If his father had survived, he likely would have returned to Bosnia, Mr. Ramic said. His best friend from childhood survived the war in Bosnia and still lives in Mostar, where he works and raises a family, but Mr Ramic, a US citizen, said he doubted he would return there.

“It's too difficult emotionally,” he said. “I'm a bit in between. I don't really feel American, I don't feel Bosnian.”

He and his mother have returned to Mostar for visits, including in September for the 30th anniversary of his father's death. Much of the city is still in ruins, he said, and they have never restored their family home. The roof has been repaired with European help, but his father's dental equipment and other belongings lie untouched, covered in dust, as it was the day he died.

Mr Ramic moved to Berlin in 2020 and is spending time in other European countries – composing in Latvia during the pandemic, and in Spain organizing aid for Ukraine in February 2022, at the start of the invasion. Europe feels closer to its roots than America, he said.

“A lot of the music I make — and maybe that's why it resonates with people in places like Ukraine — is that it's kind of in between,” he said. “It's about belonging or not belonging and figuring out who you are, and maybe coming to the realization that it is you and that's it.”

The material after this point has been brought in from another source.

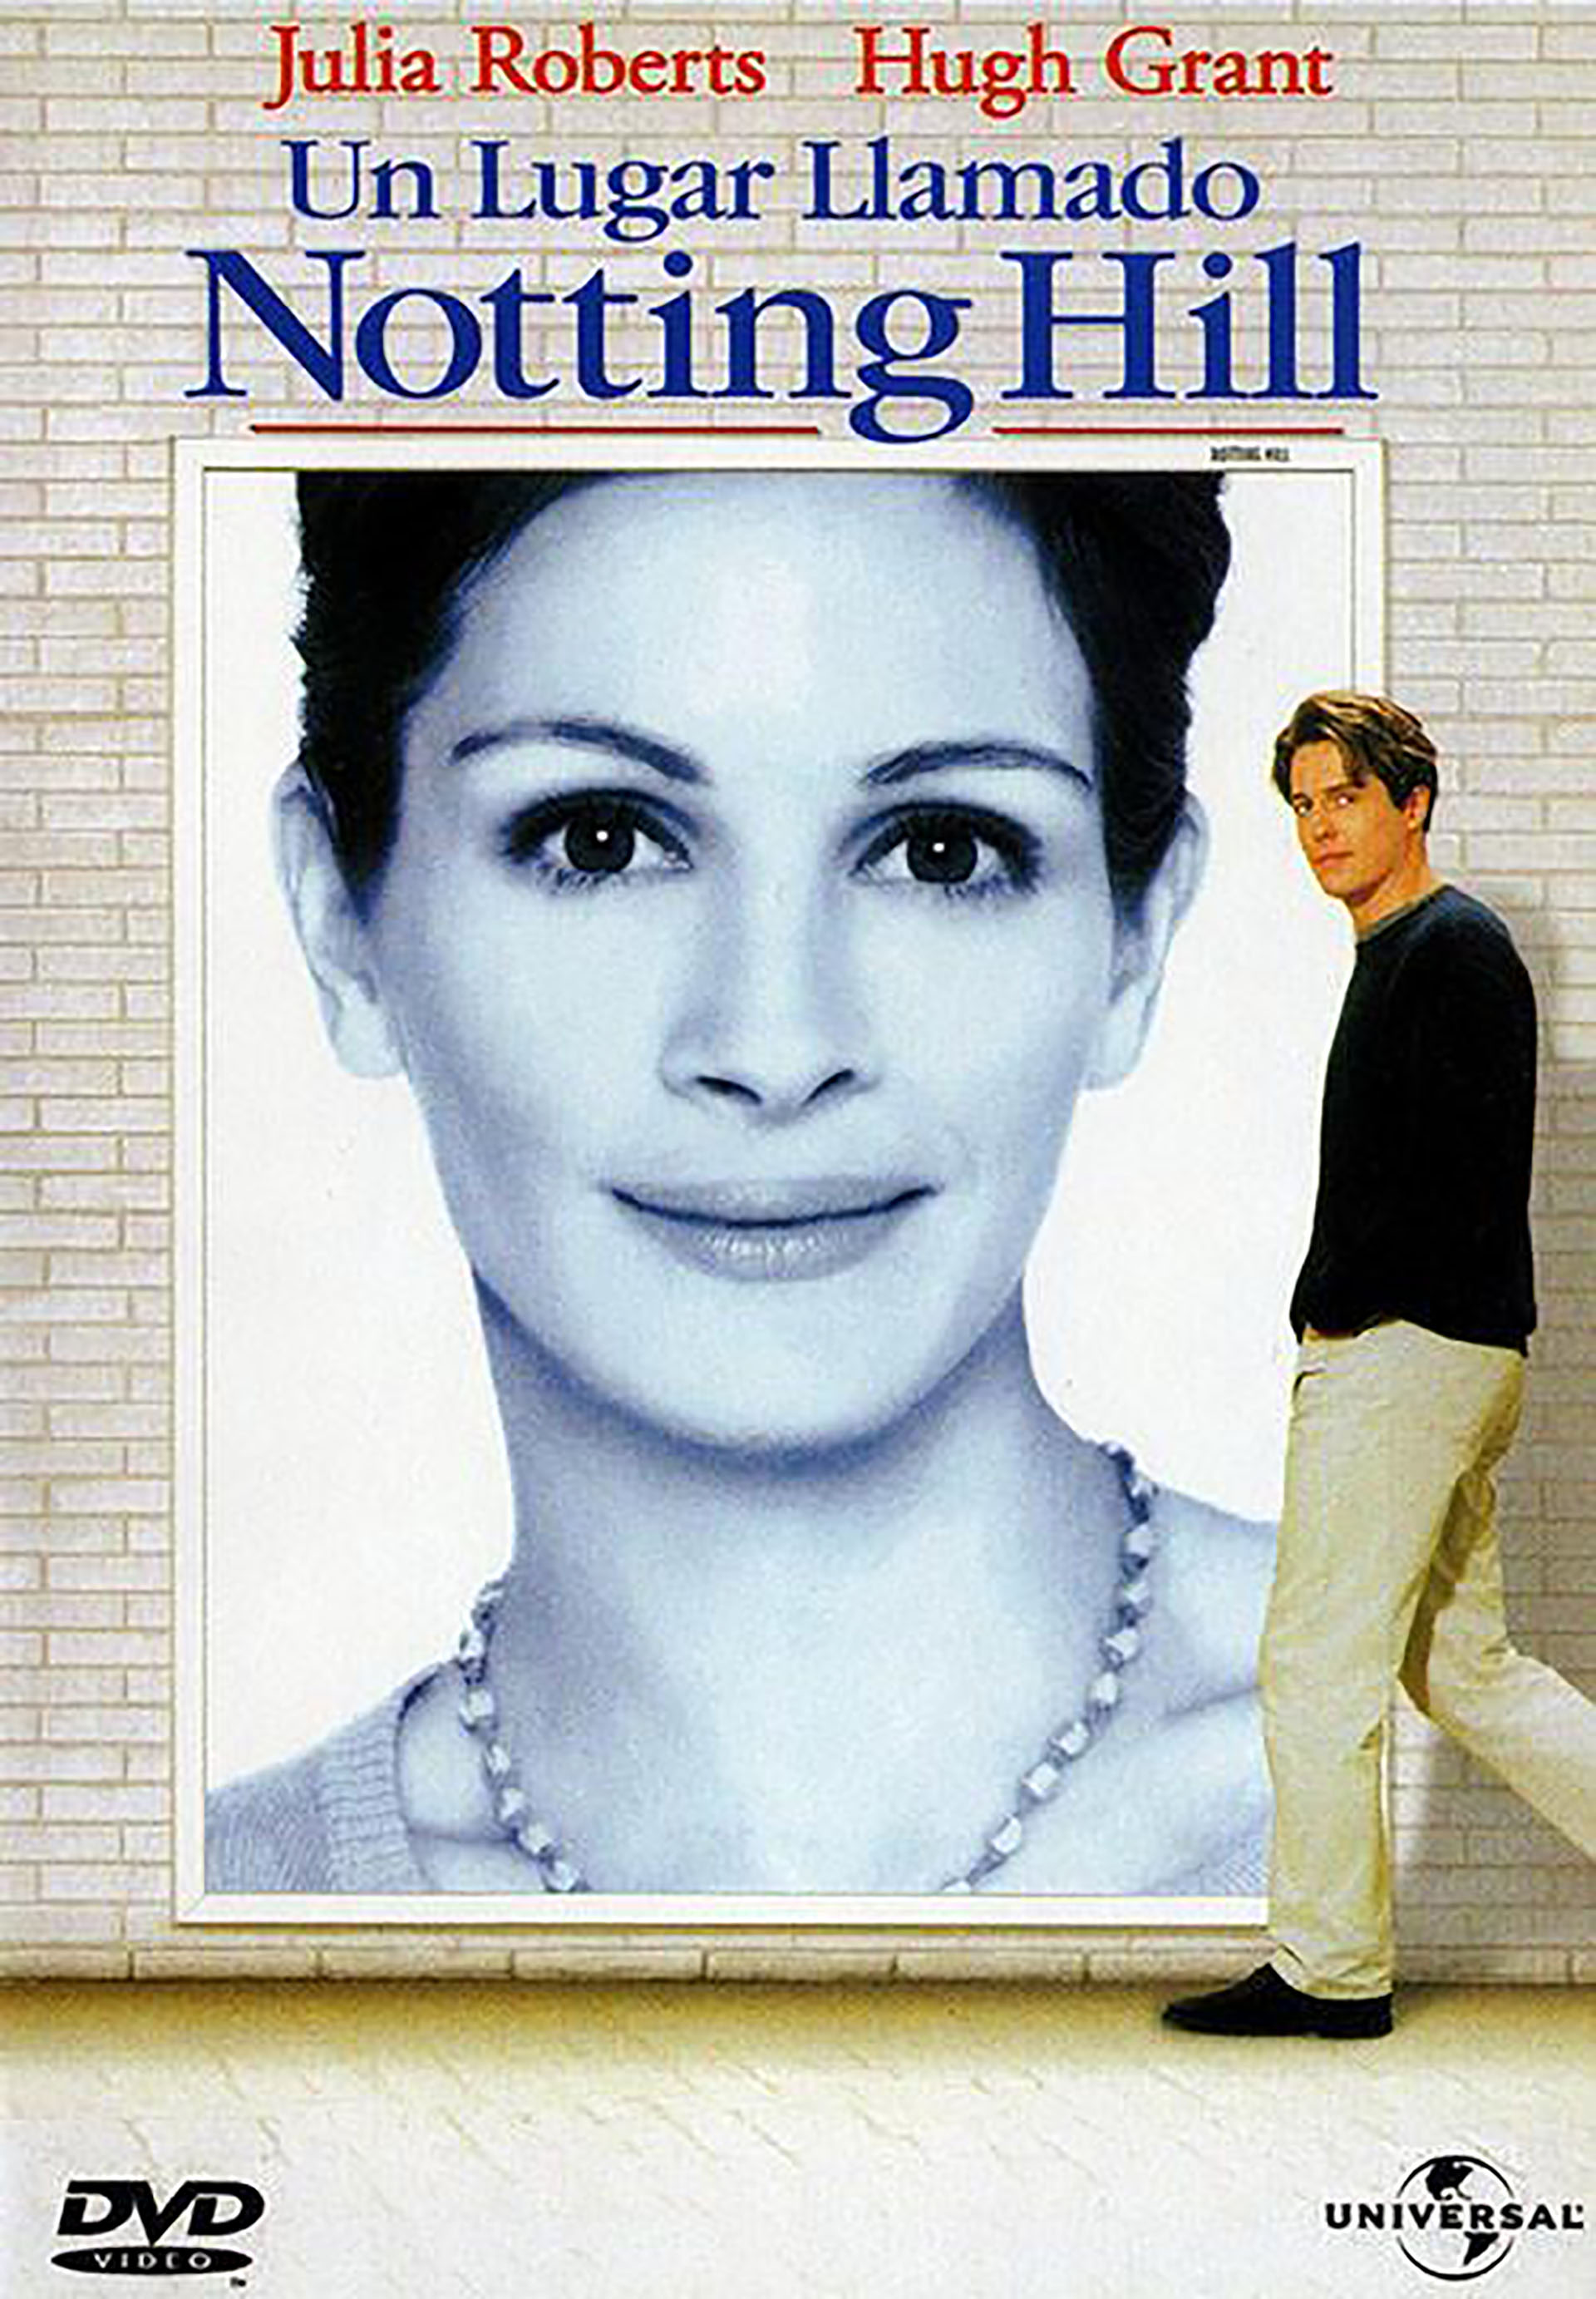 Durante la década del 90 se estrenaron más de cien películas románticas. Muy pocas alcanzaron categoría de clásico: Un lugar llamado Notting Hill estuvo entre las elegidas

His music is electronic, accompanied by cinematic videos that combine documentary film footage with kaleidoscopic, computer-generated electronic images, often with a strong political message. He is regularly confronted with the violence and tragedy around him – from his time working with at-risk youth on the South Side of Chicago, to the Black Lives Matter protests, to the war in Ukraine since it first began in 2014, when separatists seized power in parts. of the eastern region of the country.

Of 13 albums produced, he has a devoted following and has found a way to make a living from his music. He performed, dancing intensely on his keyboards, before a crowd of 200 people at the Mezzanine, a club in an old Soviet textile factory in Kiev. Some of the audience were followers of his on Facebook and knew his music, but others came by to see a rare American willing to play in wartime Ukraine.

His music is urgent and intense, but there are also quiet, ambient-influenced tracks. A fan of the Kiev concert, an IT engineer who gave only her first name, Yana, said she listened to his music while walking to forget the stress of the war.

“It takes you to a moment where you're not sad or happy, you're just balanced,” she said.

Oleksandr Chubko contributed reporting from Kiev.